I've never played a single player game in which the romances weren't dreadful, and/or not actually romantic in the least, including NWN's OCs. Few people are good writers, and even fewer are very romantic, so the odds are stacked against romantic dialogue in games...


Since writing a complex, involving, high-quality CRPG romance is one of my goals in developing the Sanctum of the Archmage series, I'd be very interested in feedback from players on this. If you've played a CRPG romance that you thought was well done, what was it and what did you like about it? If you've played the currently available Sanctum modules, what was your reaction (positive or negative), and why?

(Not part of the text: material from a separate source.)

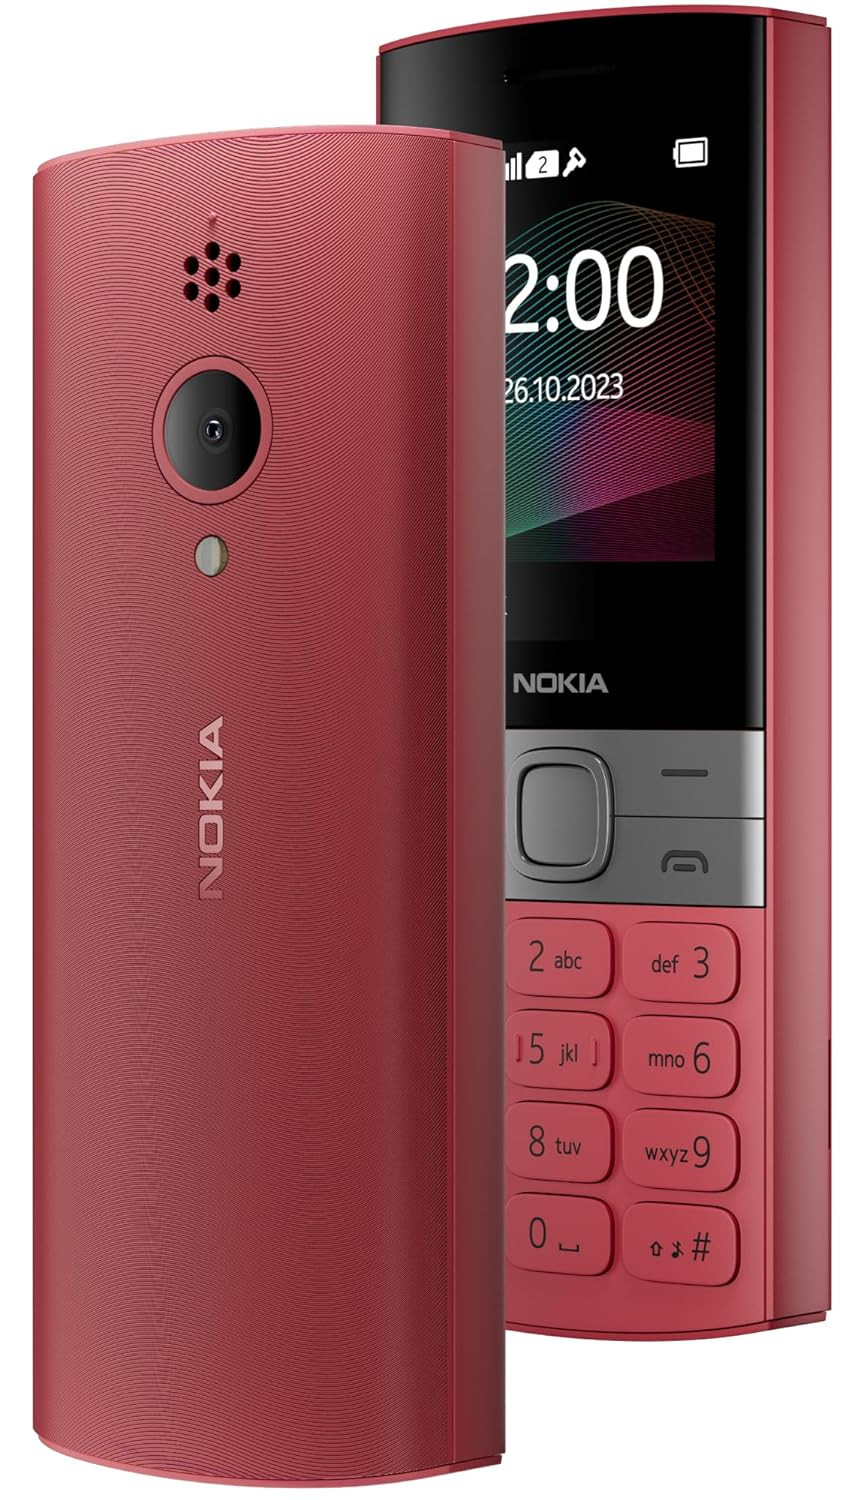 Nokia 150 Dual SIM Premium Keypad Phone | Rear Camera, Long Lasting Battery Life, Wireless FM Radio & MP3 Player and All-New Modern Premium Design | Red

I agree from my own experience with OC romances in general (including NWN, NWN2, and even DA), that they tend to leave something to be desired. And I definitely agree with Ben's observation that CRPG writers typically don't have the skills needed to write a good romance. But I also tend to think that this has something to do with the state and expectations of the professional game writing market as it stands today. The modding community has done much better with writing SP CRPG romances, and I think this is partly because some of the things that you need to do to write a good one are not considered commercially viable. Modders are not constrained to write something that is perceived (rightly or wrongly) as salable to a broad consumer market, and consequently have a bit more freedom to experiment in this regard.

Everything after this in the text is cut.